Print (c. 1902) by Albert Robida showing air travel over Paris in the year 2000 as people leave the opera.
The trouble with the future is that it’s so much less knowable than the past.”
John Lewis Gaddis, ”The Landscape of History”
The authors of an article in Health Affairs look at future CMS payment models based in part on recent payment evolution. Among the predictions:
Population-based models and disease-specific models will continue to develop.
”As ACOs mature and stabilize, opportunities exist to expand them to cover more lives and allow more providers, payers, and organizations to participate in accountable care.
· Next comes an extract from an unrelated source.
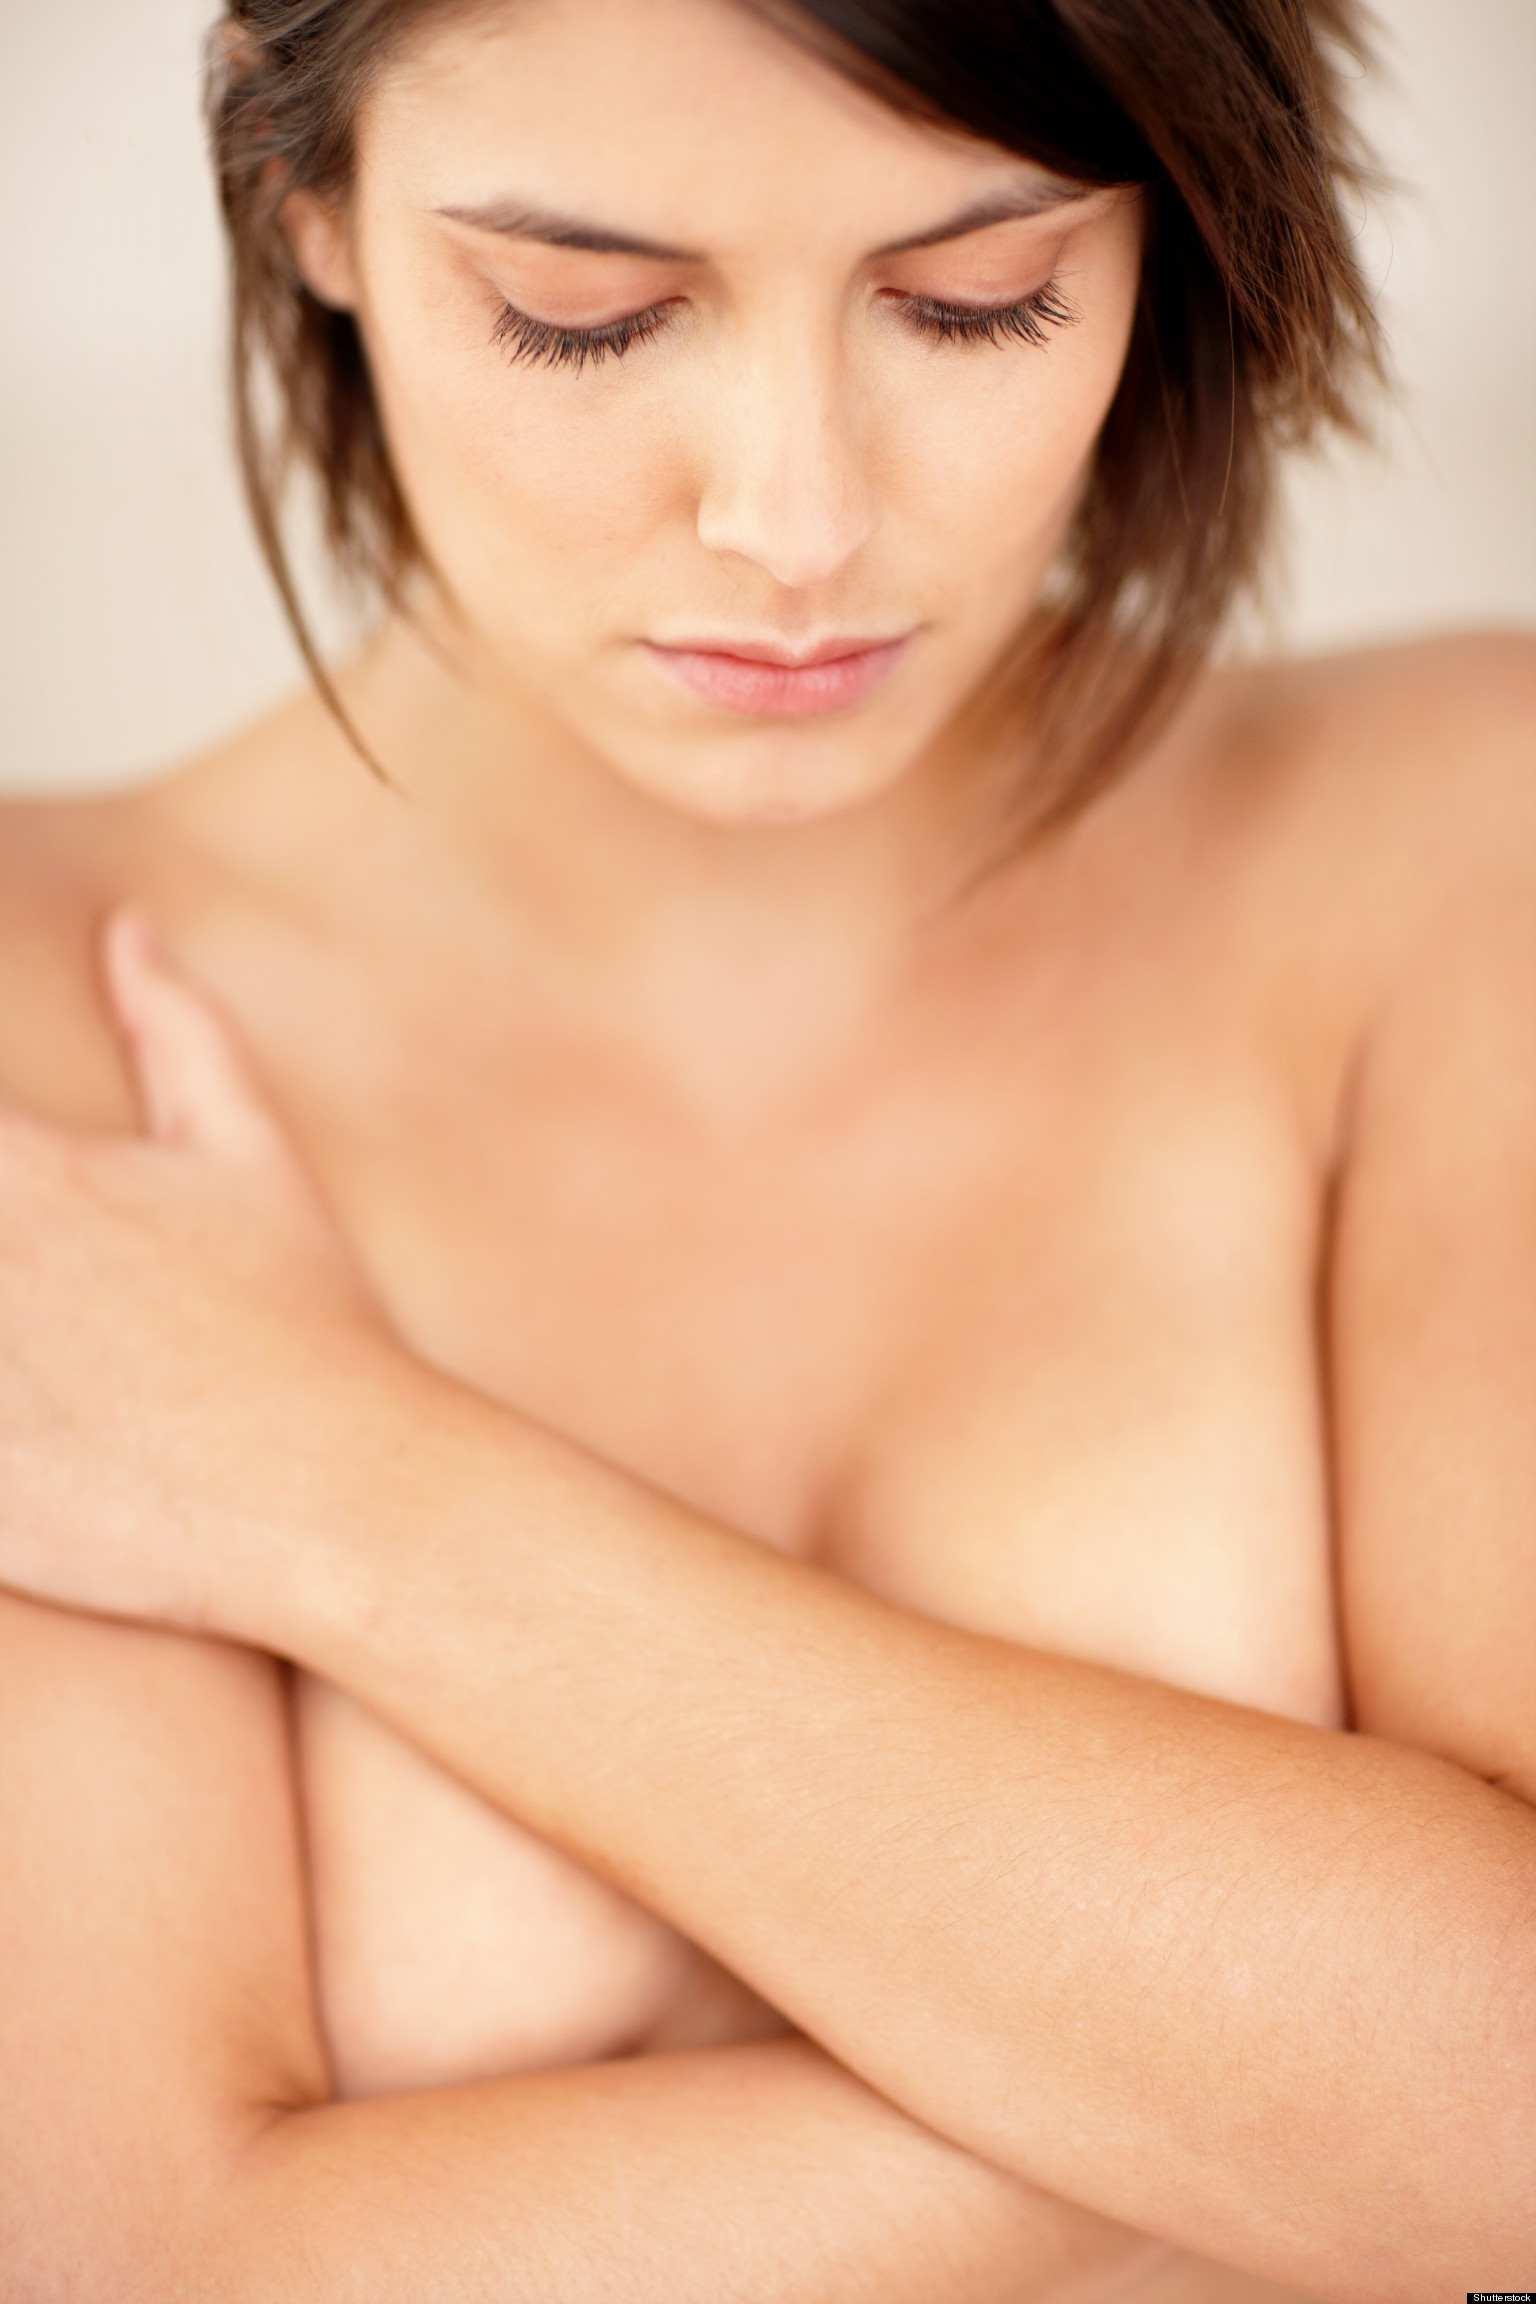 Фото вытянутой груди 7 фотография

More established ACOs will need to expand the spectrum of healthcare providers they work with including behavioral- health, post-acute care and pharmacy providers, and will need to consider the socioeconomic needs—like transportation, housing, and education—of their patient populations.”
”CMS has relatively few disease-specific models, which offers an opportunity to take knowledge gained from current programs and expand to other diseases and co-morbidities through either specialty ACOs or bundled payment programs. The Oncology Care Model and the Comprehensive End-Stage Renal Disease (ESRD) Care Model are two examples of disease-specific models. The ACO movement has focused around primary and general care, but ACOs are most successful when they include providers that are involved at all levels of patient care, including specialists.”
More efforts to show bigger cost-savings
As the healthcare culture shifts to adopting value-based care, ”opportunities exist for more payment models and models that involve higher levels of risk, although mandatory demonstration models are unlikely to continue” if, as expected, Tom Price, M.D, becomes health and human services secretary.
”As ACOs demonstrate success and more physicians have confidence in accountable care, ACOs can move from shared savings-only to taking on more risk.”
Efforts to encourage growth of multi-payer, state and wider- region initiatives
”Multi-payer initiatives spread cost among different payers—for example, commercial and Medicaid—and provide a shared incentive to improve quality and care. When multiple stakeholders work together toward a common goal, collaboration is rewarded and patients benefit. State and regional initiatives also allow states greater flexibility in implementing programs that work best for their populations.”
”Maryland, Vermont and Colorado serve as examples of state multi-payer initiatives. Each of these state’s programs are designed to improve primary care through promoting care coordination, health management, patient-centered care, and disease prevention.”
Concurrent models will be developed
”For some physicians, particularly specialists, aligning different payment models might make more sense than being restricted to a single model. For example, participating in different bundled-payment programs could benefit a specialist who has less influence than a primary-care physician over a patient’s overall health management. CMS has an opportunity to provide clarity and guidance to physicians on which models work best together for different types of physicians or practices.”